The Rear View Column from the November 2018 issue of the Socialist Standard
Censorship
The banning of books by governments is a form of censorship which took place in the Roman Empire and continues to this day. ‘No book, it seems, is too substantive or too insignificant to be banned in Kuwait. Recent targets of the government’s literary censors include an encyclopedia with a picture of Michelangelo’s David and a Disney version of The Little Mermaid. David had no fig leaf, and the mermaid, alas, wore half a bikini. ‘There are no hijab-wearing mermaids’ said Shamayel al-Sharikh, a Kuwaiti women’s activist. ‘The powers that be thought her dress was promiscuous. It’s humiliating.’ . . . Responding to the demands of a growing conservative bloc in Parliament, the government is increasingly banning books. In August, the government acknowledged that it had banned 4,390 books since 2014, hundreds of them this year, including many works of literature that had once been considered untouchable, setting off street demonstrations and online protests’ (nytimes.com, 1 October).
No to no platform
Socialists, by contrast, oppose any form of censorship. We have always been prepared to give opponents of socialism a chance to express their views from our platform. This is because we are convinced that our views are right and that this will emerge from full and free debate — and if we are wrong we want to know, so that we can stop wasting our time. Censorship, whether through the legalised violence of the state or that of self-appointed political and/or religious guardians is anti-socialist and anti-working class and must be exposed whenever it rears its ugly head. No view (not even religion) should be exempt from being criticised. The main case against censorship is that it considers that people are too ignorant to decide for themselves and so must be protected from hearing certain views. All censors, actual or would-be, consider themselves a cut above the rest. They are not corrupted by reading De Sade’s The 120 Days of Sodom but their servants would be. They are not affected by reading anti-Christian or anti-Muslim writings – Rushdie’s The Satanic Verses is viewed in this way by many faithful – but their followers would be. They are not affected by rants of the Left or Right but other, less enlightened people would be.
Corrupted by socialism?
The Marquis de Sade died over 200 years ago in an insane asylum, yet much of what he had to say remains relevant today.
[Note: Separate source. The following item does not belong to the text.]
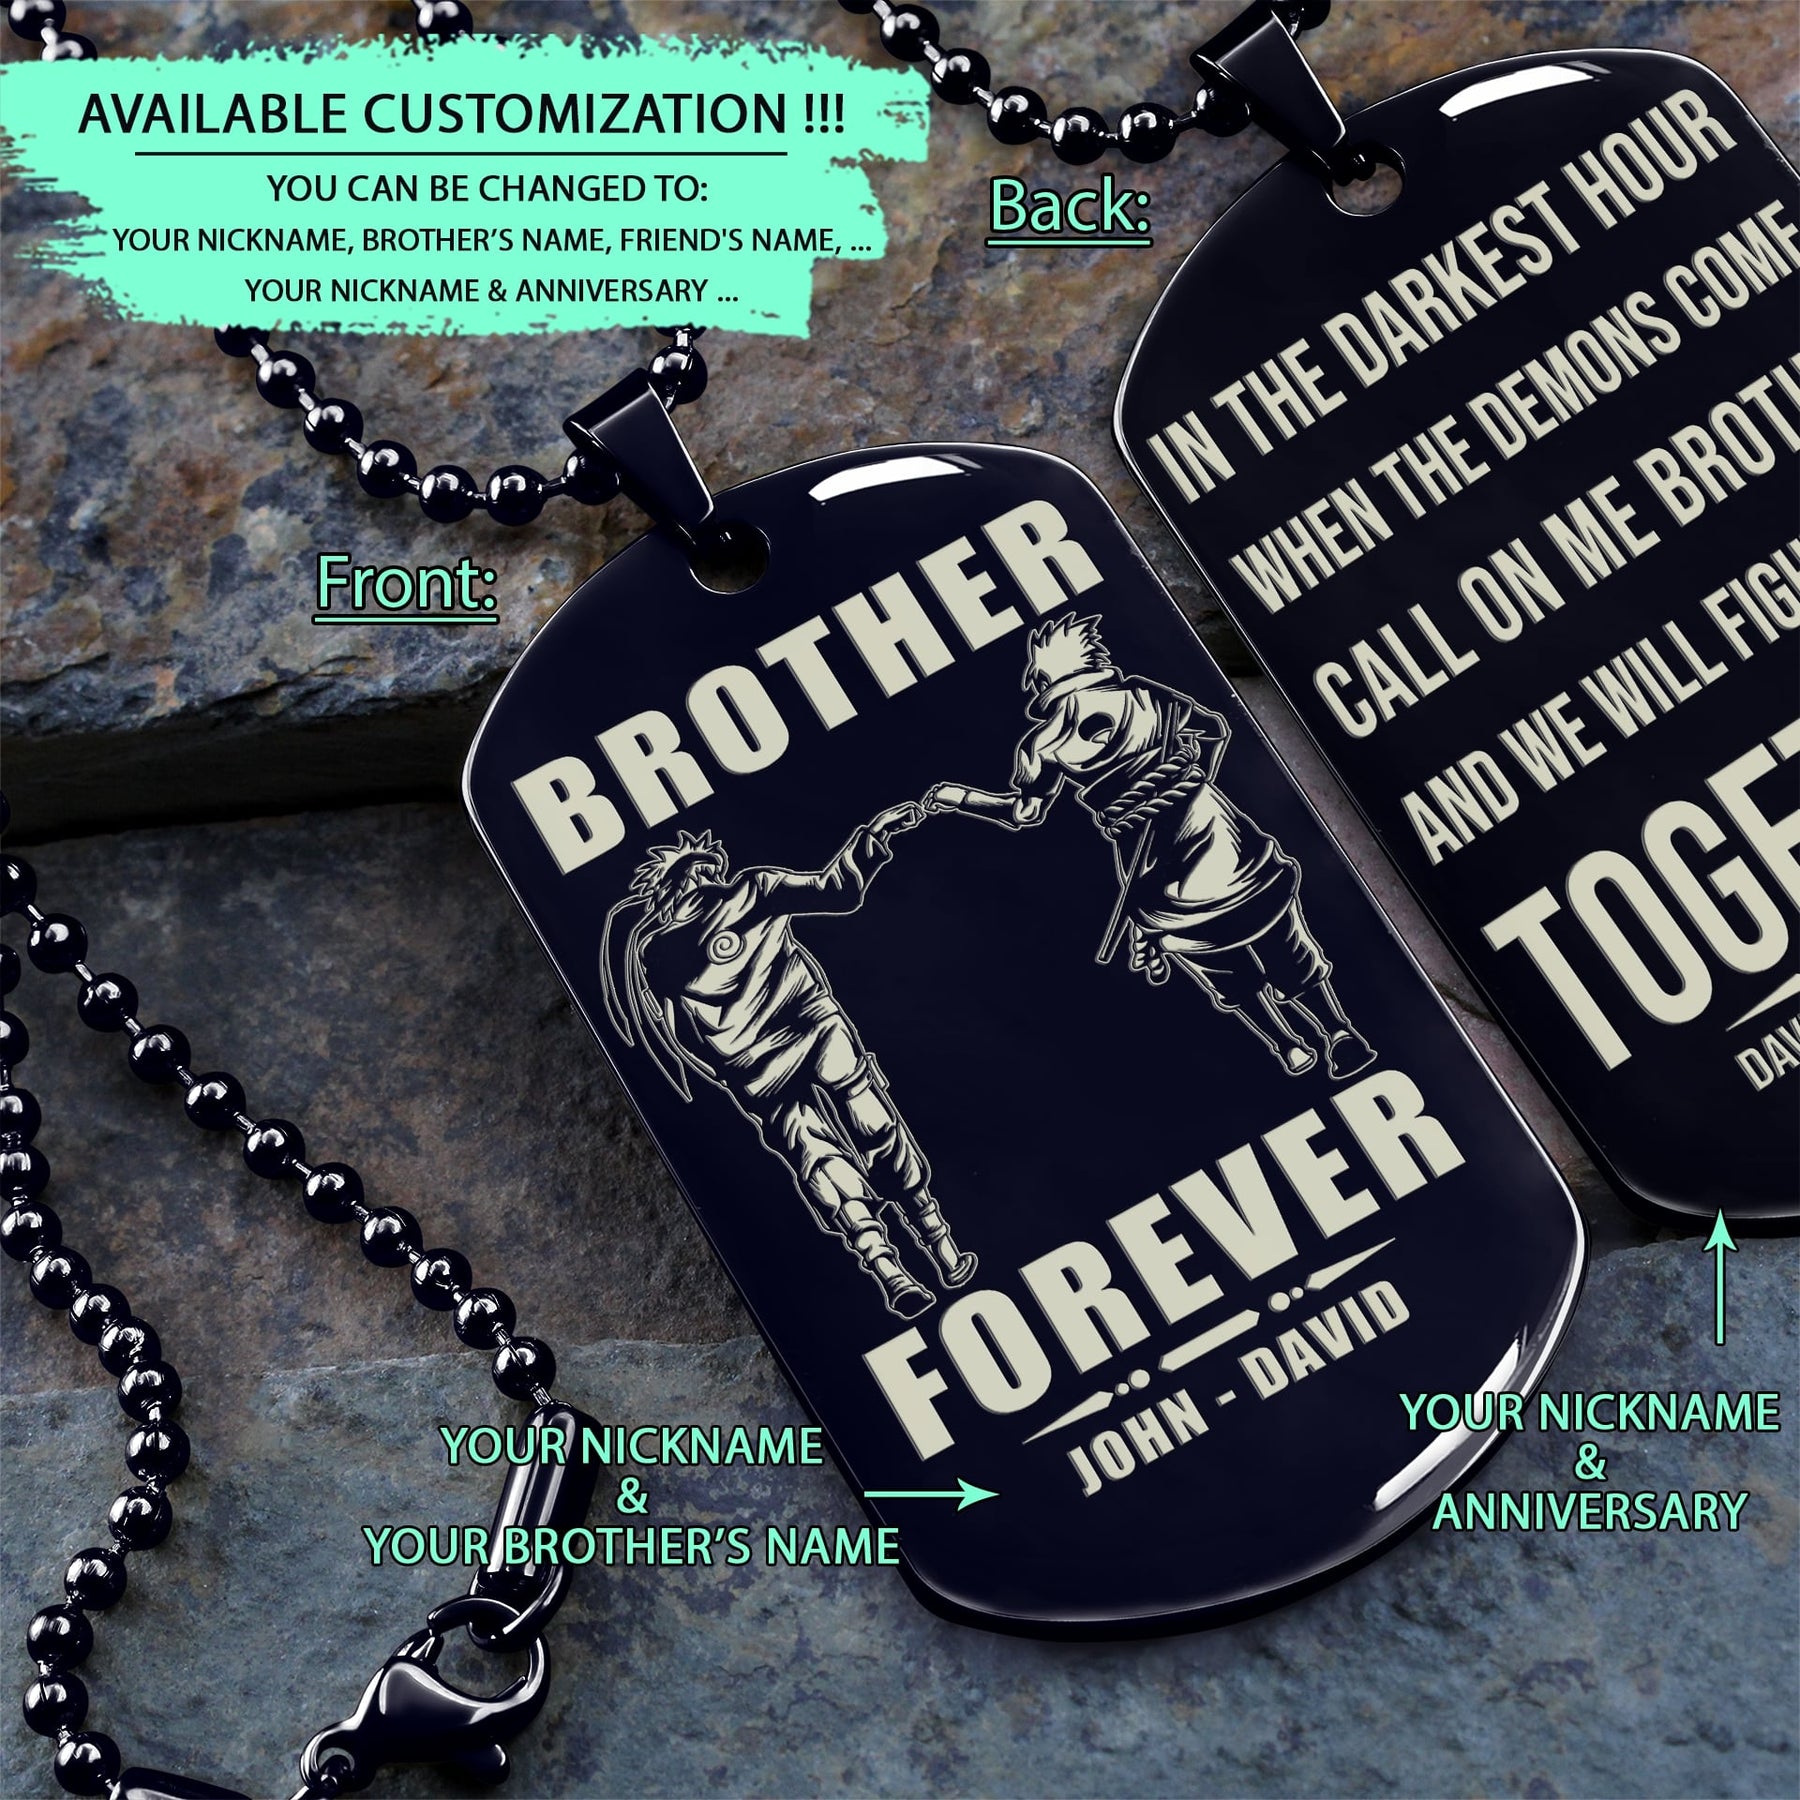 NAD025 - Brother Forever - Call On Me Brother - Uzumaki Naruto - Uchiha Sasuke - Naruto Dog Tag - Engrave Double Side Black Dog Tag
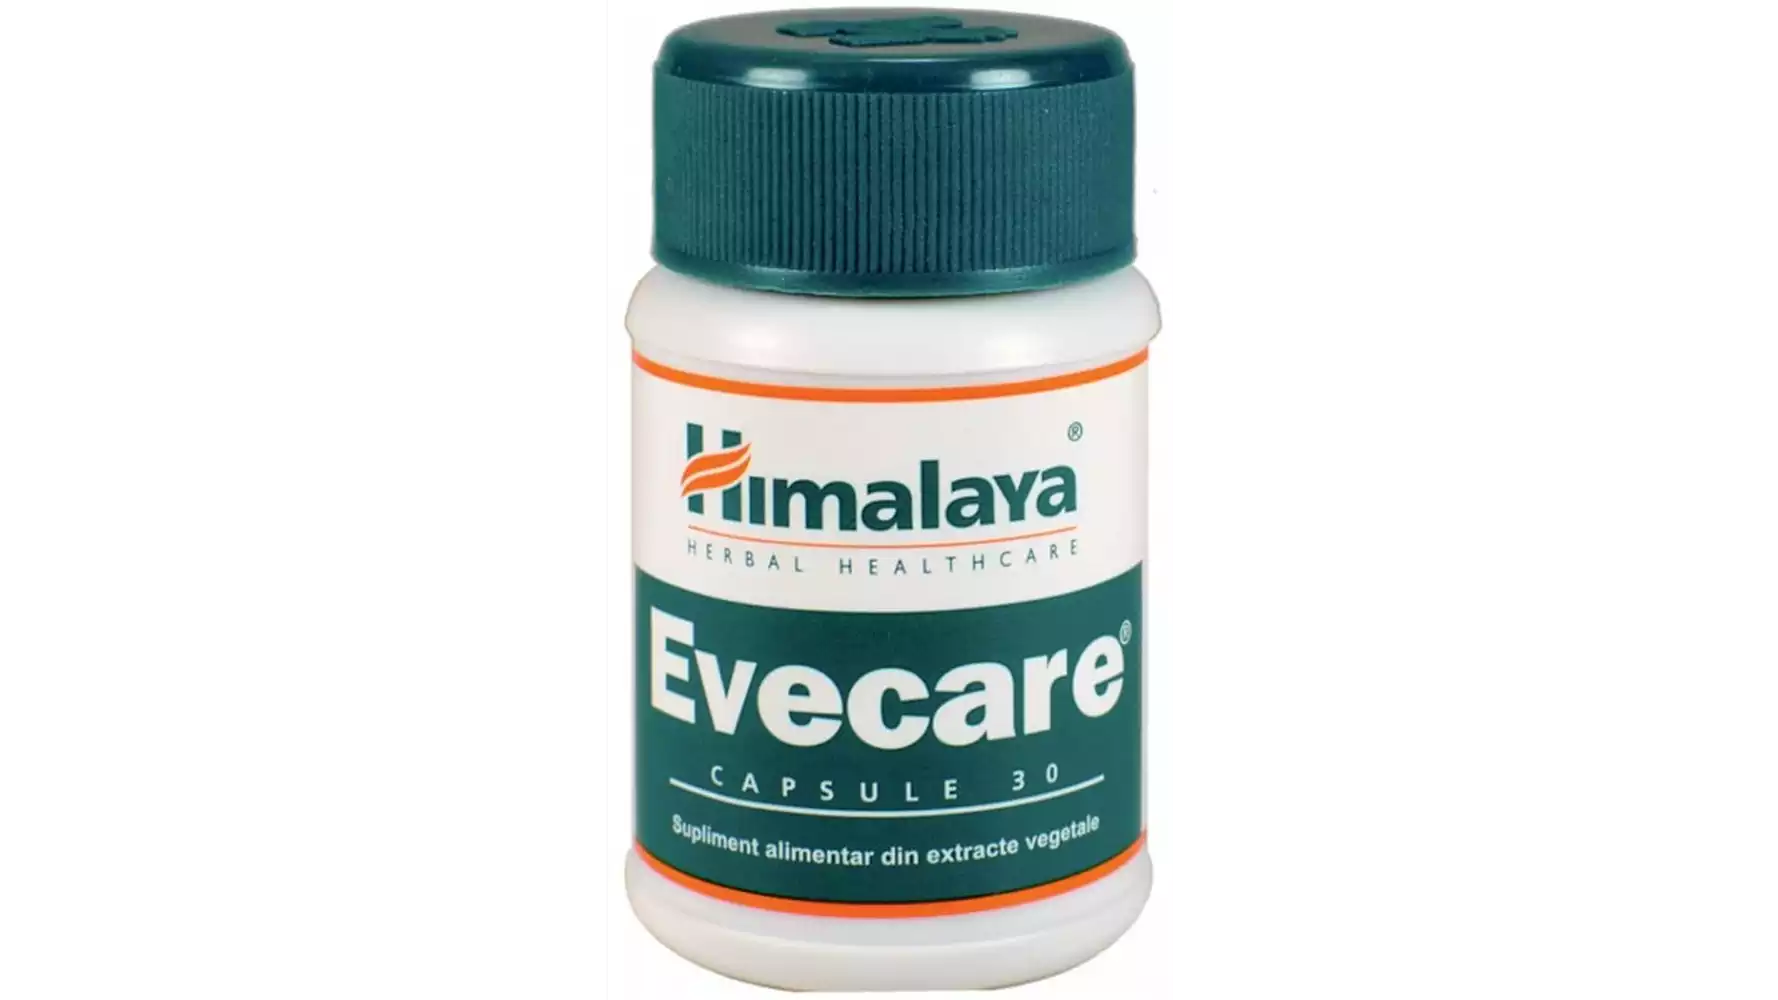 Himalaya Evecare Capsule (30caps)

He championed democracy, was opposed to every form of punishment (‘it is far simpler to hang men than to find out why we condemn them’), saw the class-divided nature of society and sided with ‘those who can only get a living by their labour and sweat.’ Indeed, Geoffrey Gorer in The Revolutionary Ideas of the Marquis De Sade (1964) points out that Sade stood in opposition to contemporary philosophers for both his ‘complete and continual denial of the right to property,’ and for viewing the struggle in late 18th century French society as being not between ‘the Crown, the bourgeoisie, the aristocracy or the clergy, or sectional interests of any of these against one another’, but rather all of these ‘more or less united against the proletariat.’ Gorer thus argued, ‘he can with some justice be called the first reasoned socialist.’
End censorship
The Ayatollah Khomeini called in 1989 upon all good Muslims to kill Salman Rushdie for writing The Satanic Verses, a novel with a dream sequence in which the prophet Mohammed indulges in a few last temptations of his own. This fatwa resulted in numerous killings, attempted killings, bombings and book burnings. The Communist Manifesto was banned by Tsarist Russia and Nazi Germany. Along with volumes of Capital, copies were burnt openly in Berlin on 10 May 1933 by students from the Wilhelm Humboldt University, all of them members of right-wing student organisations, and watched by some 70,000 people. Ironically, it was Marx’s friend, the poet Heinrich Heine, who wrote some one hundred and ten years earlier ‘where they have burned books, they will end in burning human beings’ (Almasor: A Tragedy, 1823, as translated in True Religion, 2003, by Graham Ward). By contrast, ‘…communists disdain to conceal their views and aims. They openly declare that their ends can be attained only by the forcible overthrow of all existing social conditions. Let the ruling classes tremble at a Communistic revolution. The proletarians have nothing to lose but their chains. They have a world to win. WORKING MEN OF ALL COUNTRIES, UNITE!’ (The Communist Manifesto, Marx & Engels, 1848).